▶ _Material for this task_:

:::::

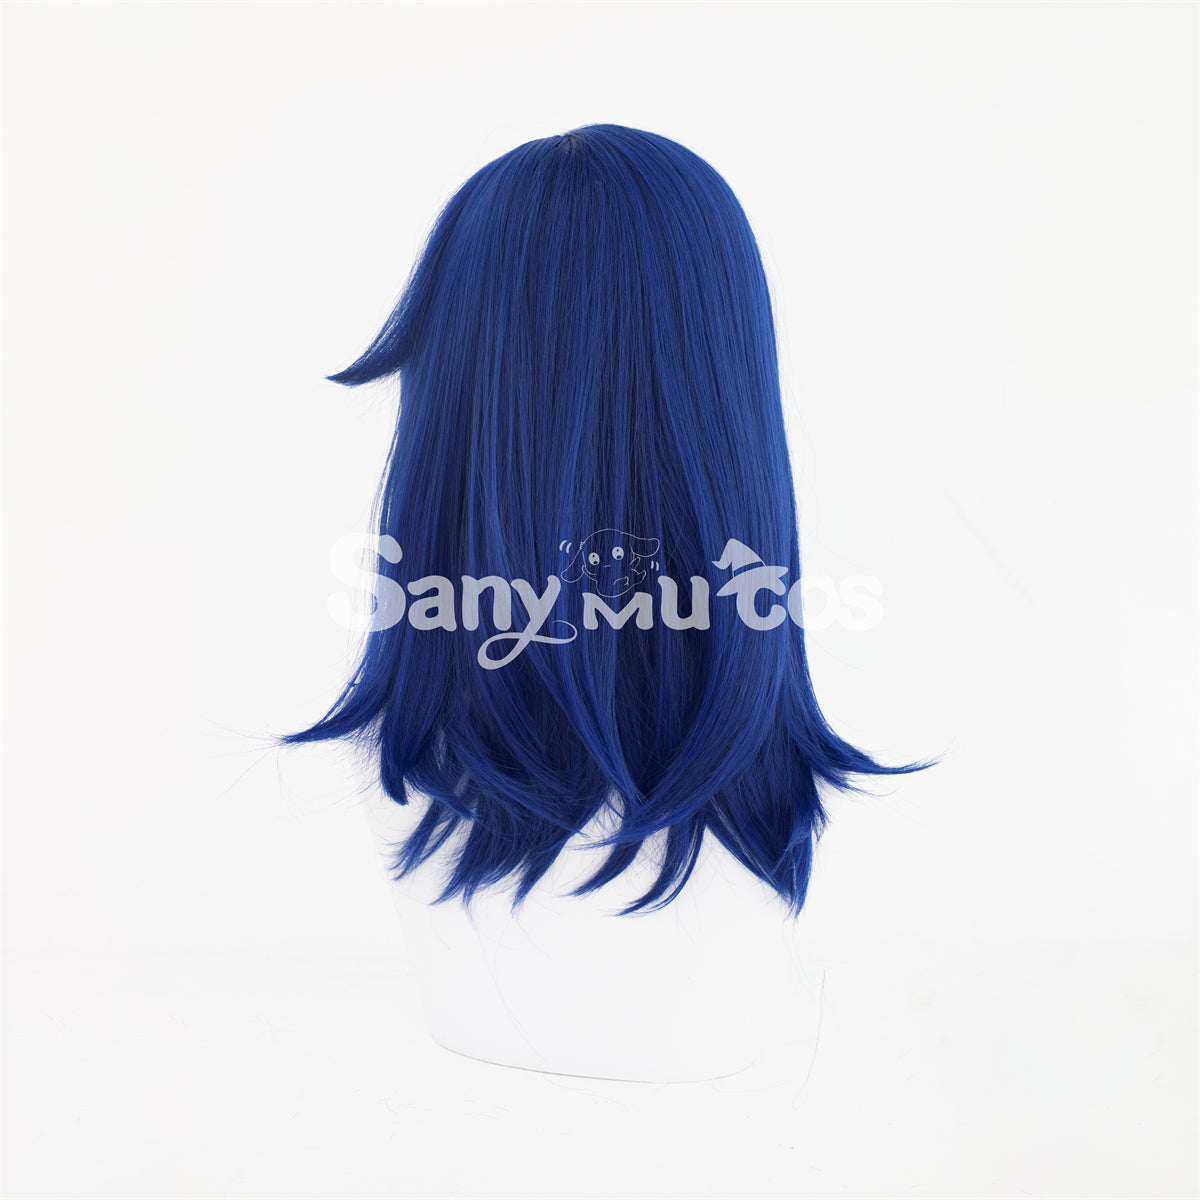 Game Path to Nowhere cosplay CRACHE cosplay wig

:::::

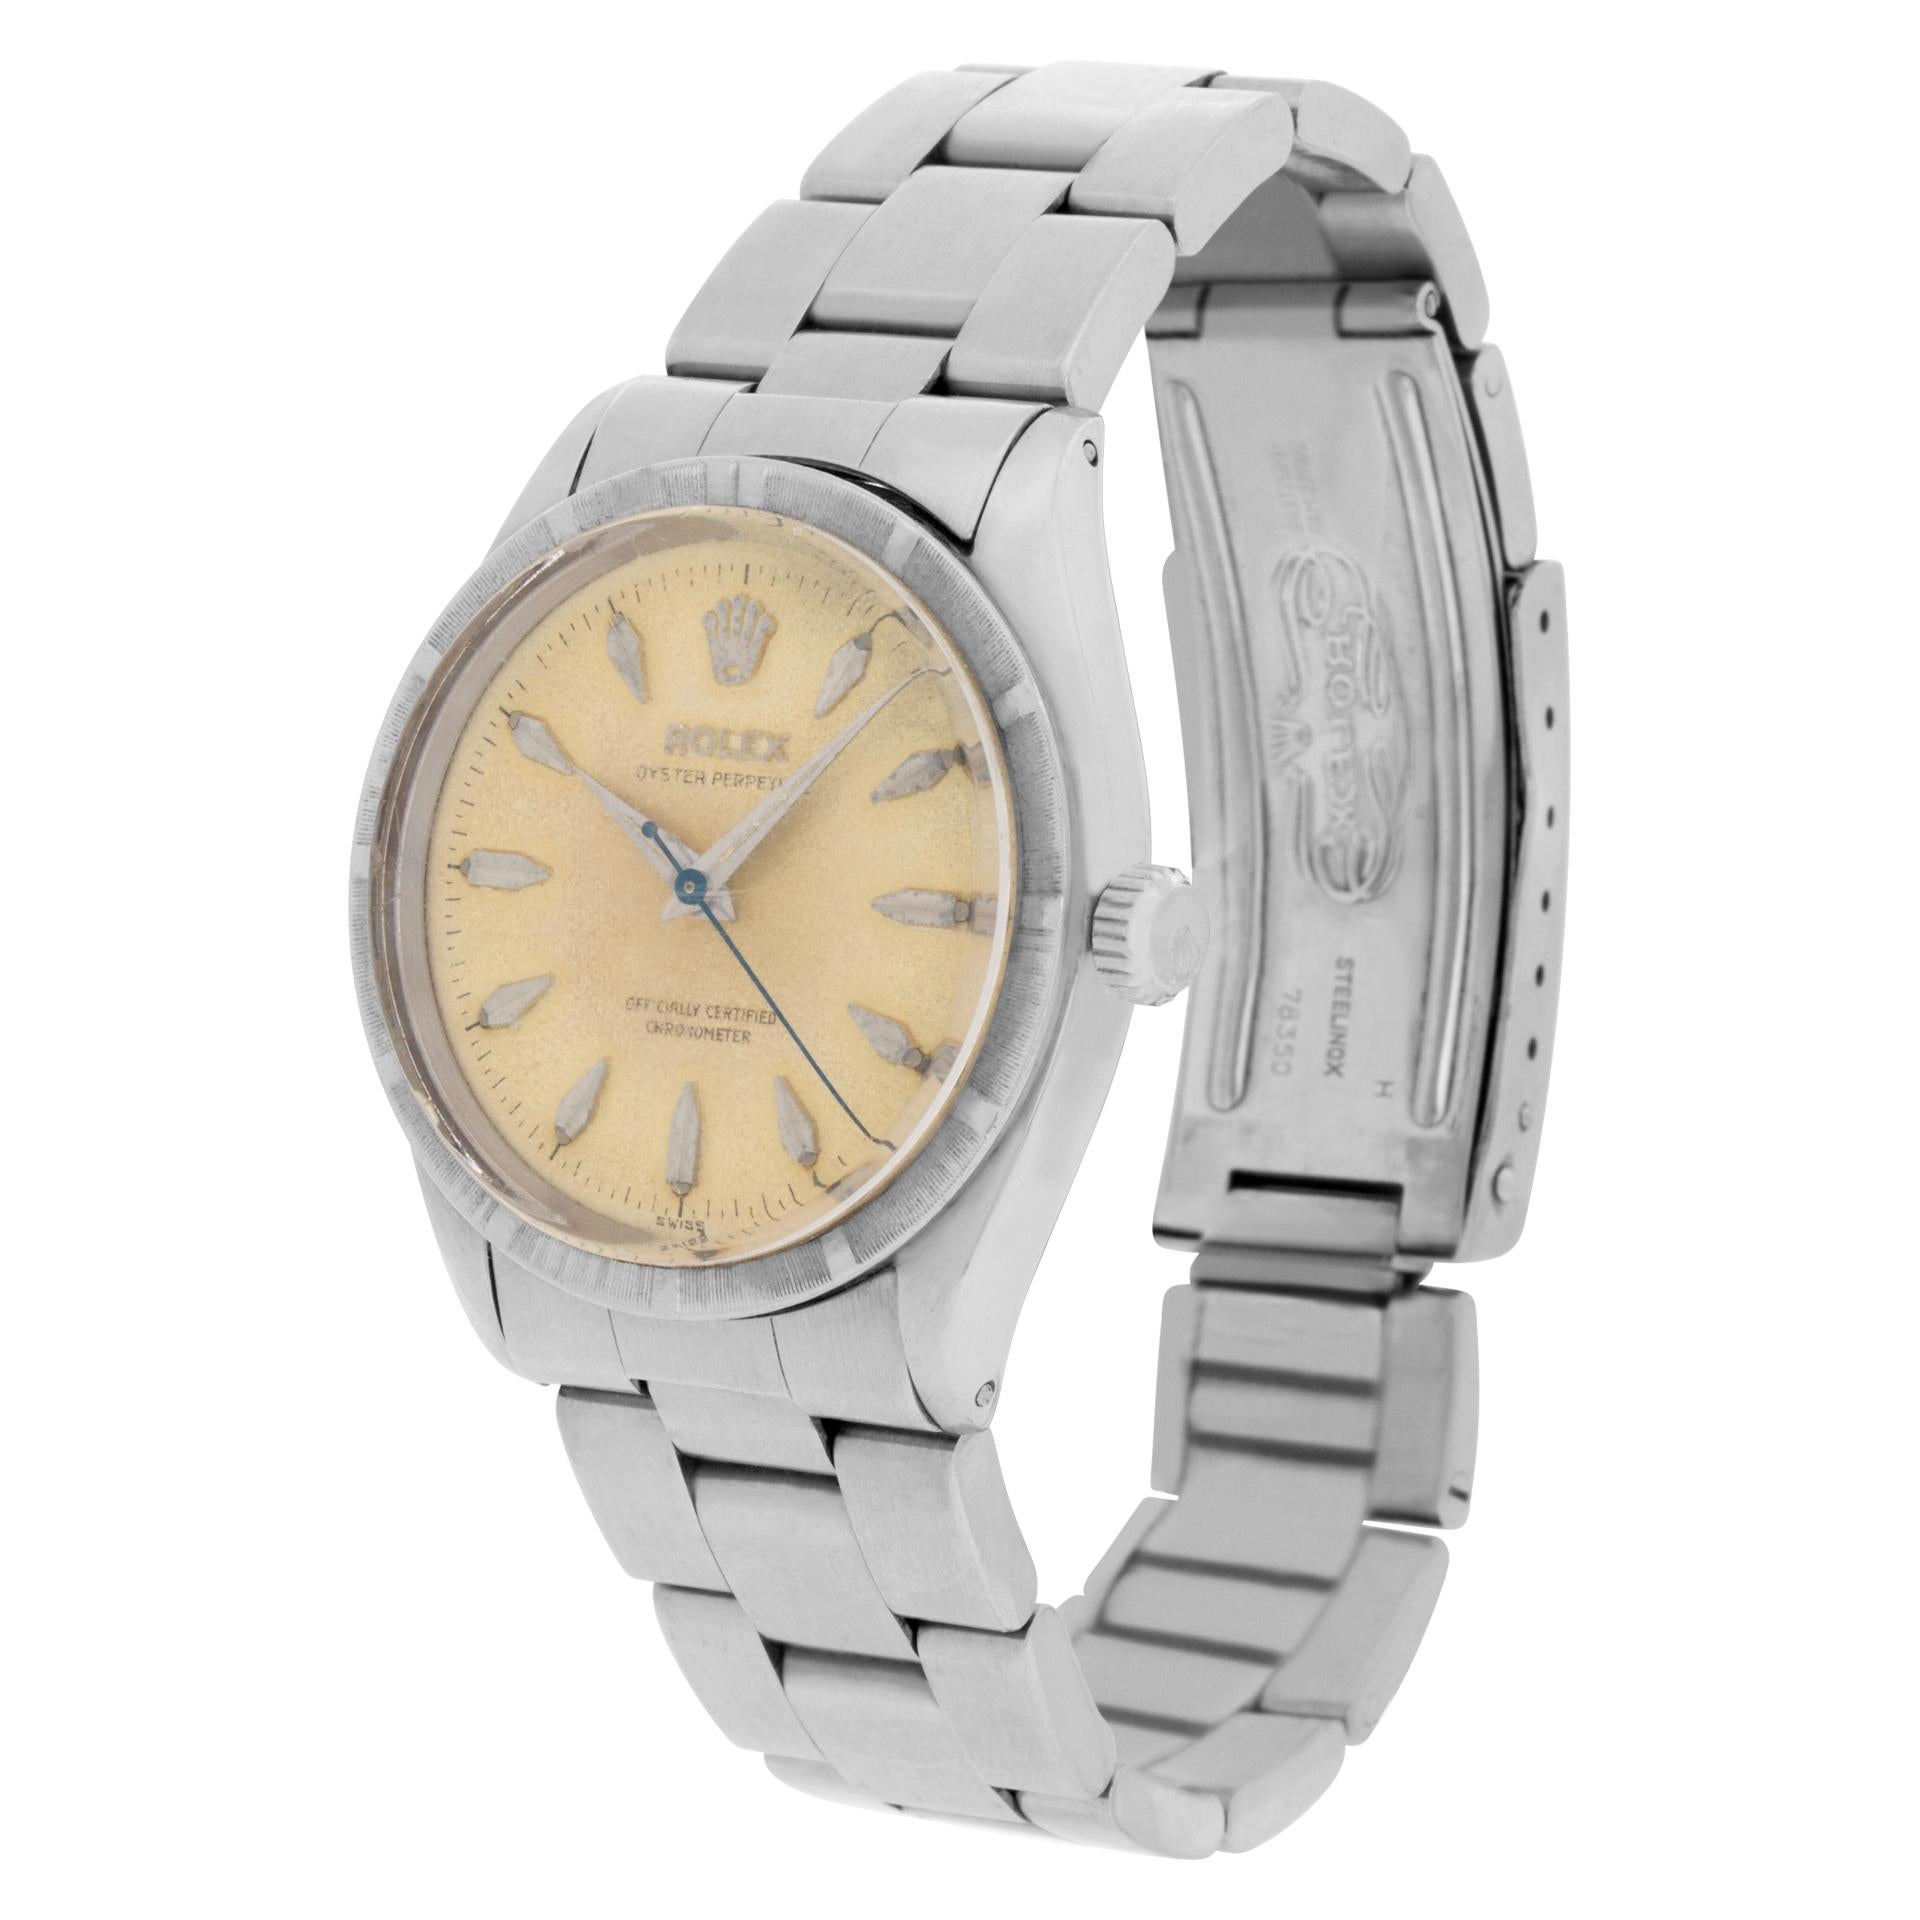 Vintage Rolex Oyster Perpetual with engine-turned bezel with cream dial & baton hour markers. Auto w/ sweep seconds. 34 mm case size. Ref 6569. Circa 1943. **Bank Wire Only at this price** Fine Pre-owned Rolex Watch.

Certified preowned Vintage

:::::

▶ _Task goal_: Go to the line above holding "Vintage Rolex Oyster", then copy exactly each line down to and including the one holding "Certified preowned Vintage", leaving pictures out.

▶ _Expected answer_:
 Vintage Rolex Oyster Perpetual with engine-turned bezel with cream dial & baton hour markers. Auto w/ sweep seconds. 34 mm case size. Ref 6569. Circa 1943. **Bank Wire Only at this price** Fine Pre-owned Rolex Watch.

Certified preowned Vintage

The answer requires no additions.